The solution uses a version-based mechanism for controlled infrastructure updates:

EC2 instances are versioned via the ec2_instance_version variable
Replacements create new instances before destroying old ones (create_before_destroy)
Elastic IPs ensure stable endpoints during replacements
Outputs track version information for monitoring

Documentation

Detailed documentation is available in the docs/ directory:

Architecture Document: System design and components
Operations Guide: Deployment and maintenance instructions
Development Roadmap: Current status and future plans
API Reference: API endpoints documentation
Customization Guide: How to customize the solution

Prerequisites

AWS CLI configured with appropriate credentials
Terraform 1.7.0 or later
Docker (for local testing, optional)
An existing Route53 hosted zone (if DNS records are needed)
A HuggingFace token stored in SSM Parameter Store (default path: /inference/hf_token)
(Optional) GPU-enabled EC2 instance for production use

Deployment

Step 1: Create the S3 Bucket for Terraform State

Before initializing Terraform, create an S3 bucket to store the Terraform state:

aws s3api create-bucket \
    --bucket ob-lq-live-inference-solution-terraform-state-us-west-2 \
    --region us-west-2 \
    --create-bucket-configuration LocationConstraint=us-west-2

# Enable S3 bucket versioning for state recovery
aws s3api put-bucket-versioning \
    --bucket ob-lq-live-inference-solution-terraform-state-us-west-2 \
    --versioning-configuration Status=Enabled

# Enable S3 bucket encryption for security
aws s3api put-bucket-encryption \
    --bucket ob-lq-live-inference-solution-terraform-state-us-west-2 \
    --server-side-encryption-configuration '{"Rules": [{"ApplyServerSideEncryptionByDefault": {"SSEAlgorithm": "AES256"}}]}'

Step 2: Quick Start

Clone this repository
Update terraform.tfvars with your desired configuration
Make sure the S3 bucket name in backend.tf matches the bucket you created
Deploy with Terraform:
```
terraform init
terraform apply
```
Access your API using the outputs provided by Terraform

Configuration Options

Edit terraform.tfvars to customize:

AWS region
Environment name (production, staging, etc.)
Domain name for DNS records
Admin IPs allowed to access management endpoints
Instance type and other EC2 parameters

Customizing the API and Model

The solution comes with a pre-configured vLLM setup. To customize:

Update terraform.tfvars to change the model and instance parameters:

# Example: Switch to GPU and use a different model
use_gpu_instance = true
gpu_instance_type = "g4dn.xlarge"
model_id = "meta-llama/Llama-2-7b-chat-hf"
max_model_len = 4096

If needed, modify the API proxy in app/server.js
Run terraform apply to rebuild and redeploy

For detailed configuration options, see the Customization Guide.

Outputs

After deployment, Terraform provides detailed outputs including:

API endpoint URLs (IP-based and domain-based)
SSH connection string
ECR repository URL
Detailed resource IDs and information

Maintenance

Updating the API

Method 1: Docker Image Update (No Instance Replacement)

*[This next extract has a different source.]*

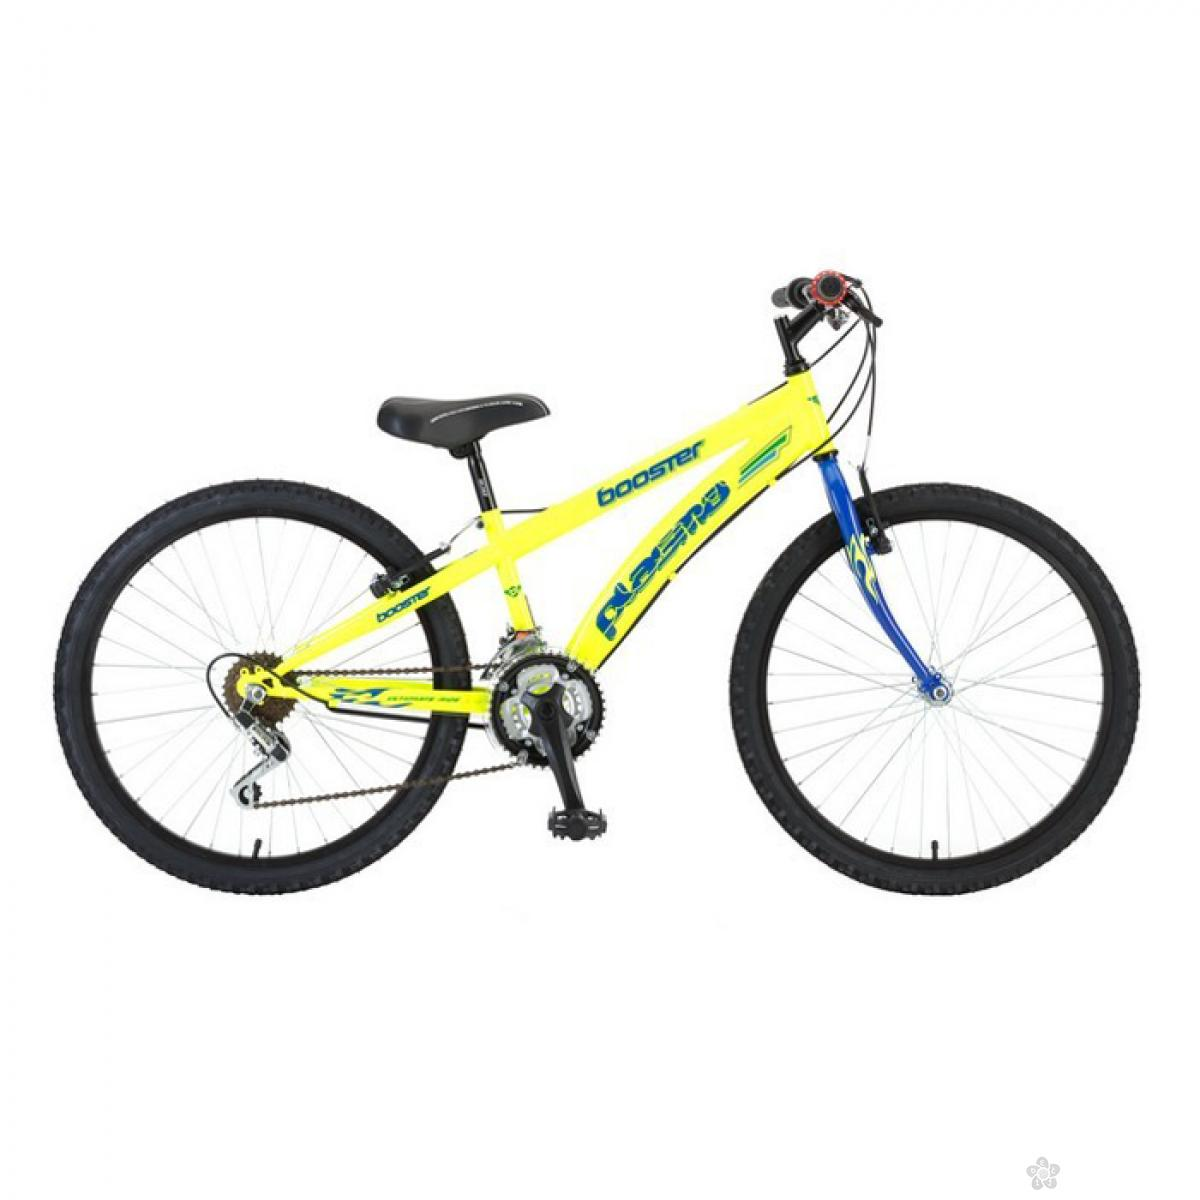 Dečji bicikl booster plasma BIC-0210-Y ŽUTI

Modify the application code in the app/ directory
Run terraform apply to rebuild and push the Docker image
The EC2 instance will automatically pull the latest image via cron job

Method 2: Full Infrastructure Deployment (With Instance Replacement)

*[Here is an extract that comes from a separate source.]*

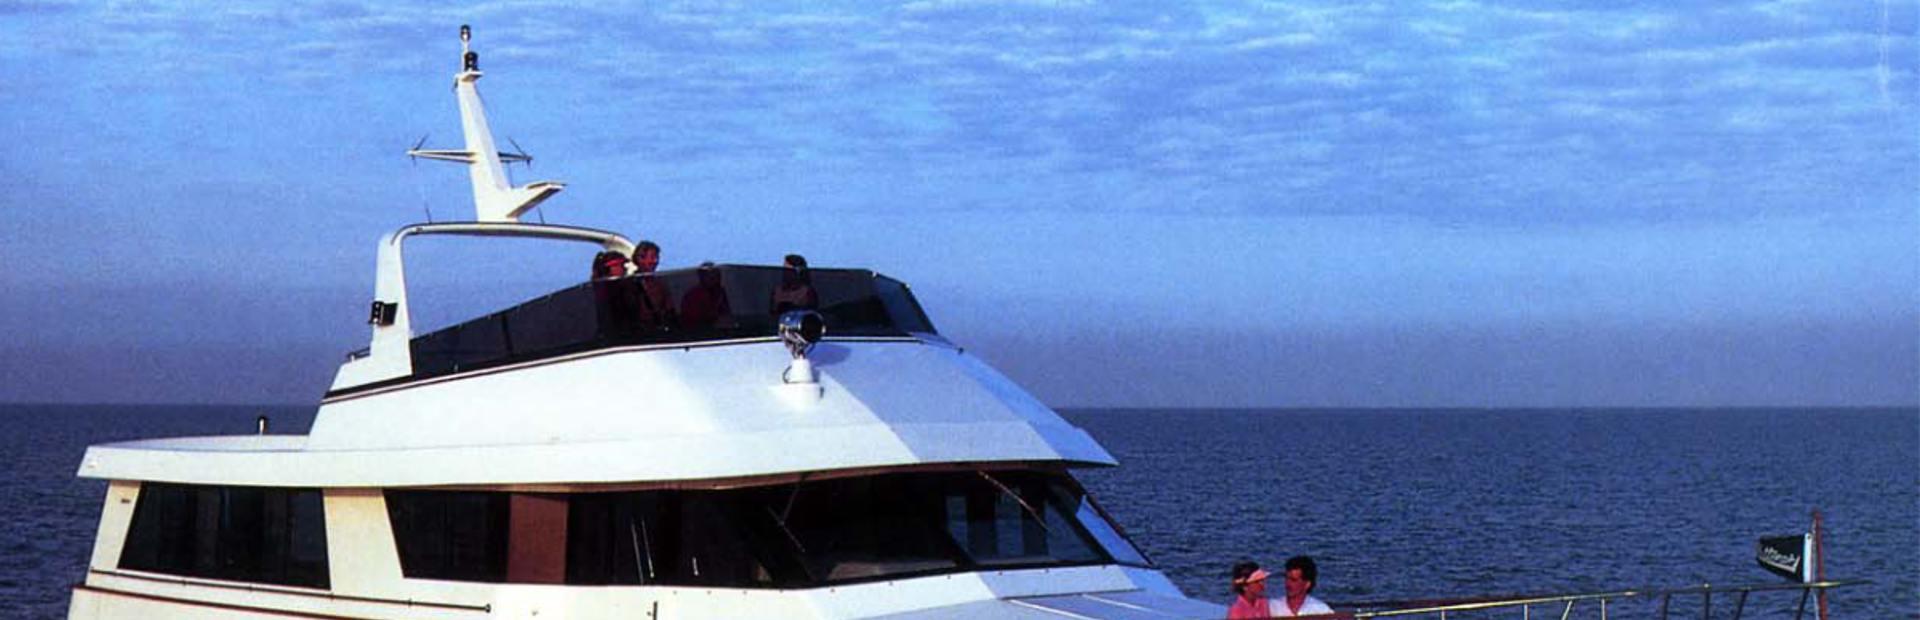 Hatteras 65 Motoryacht Yacht Charter

Edit terraform.tfvars and increment the ec2_instance_version value:

# Change this from the current value (e.g., from 1 to 2)
ec2_instance_version = 2

Run terraform apply
Terraform will:
- Create a new EC2 instance with the updated configuration
- Wait for the new instance to be ready
- Move the Elastic IP to the new instance
- Terminate the old instance

This approach enables zero-downtime deployments while maintaining the same public IP address.

Cleaning Up

To remove all resources:

terraform destroy

Security Considerations

The EC2 instance uses IMDSv2 for enhanced security
The security group restricts access to configured IP ranges
All data volumes are encrypted

Troubleshooting

For detailed troubleshooting steps, refer to the Operations Guide.

Common issues:

Check CloudWatch logs for application issues
SSH to the instance using the provided connection string
Use the AWS SSM Session Manager for secure console access
If you encounter Terraform state issues:
- Verify the S3 bucket exists and is accessible
- Check the bucket name in backend.tf matches the created bucket
- Ensure you have proper permissions to read/write to the bucket
- For state lock issues, you may need to manually release locks in S3 using the AWS console

Project Status

This project is actively maintained. See the Development Roadmap for information about current status, planned features, and technical debt.

Version Control

Git Tags

We use semantic versioning for release management. To tag a new version:

# List existing tags
git tag -l

# Create a new tag (locally)
git tag -a v1.0.0 -m "Initial stable release"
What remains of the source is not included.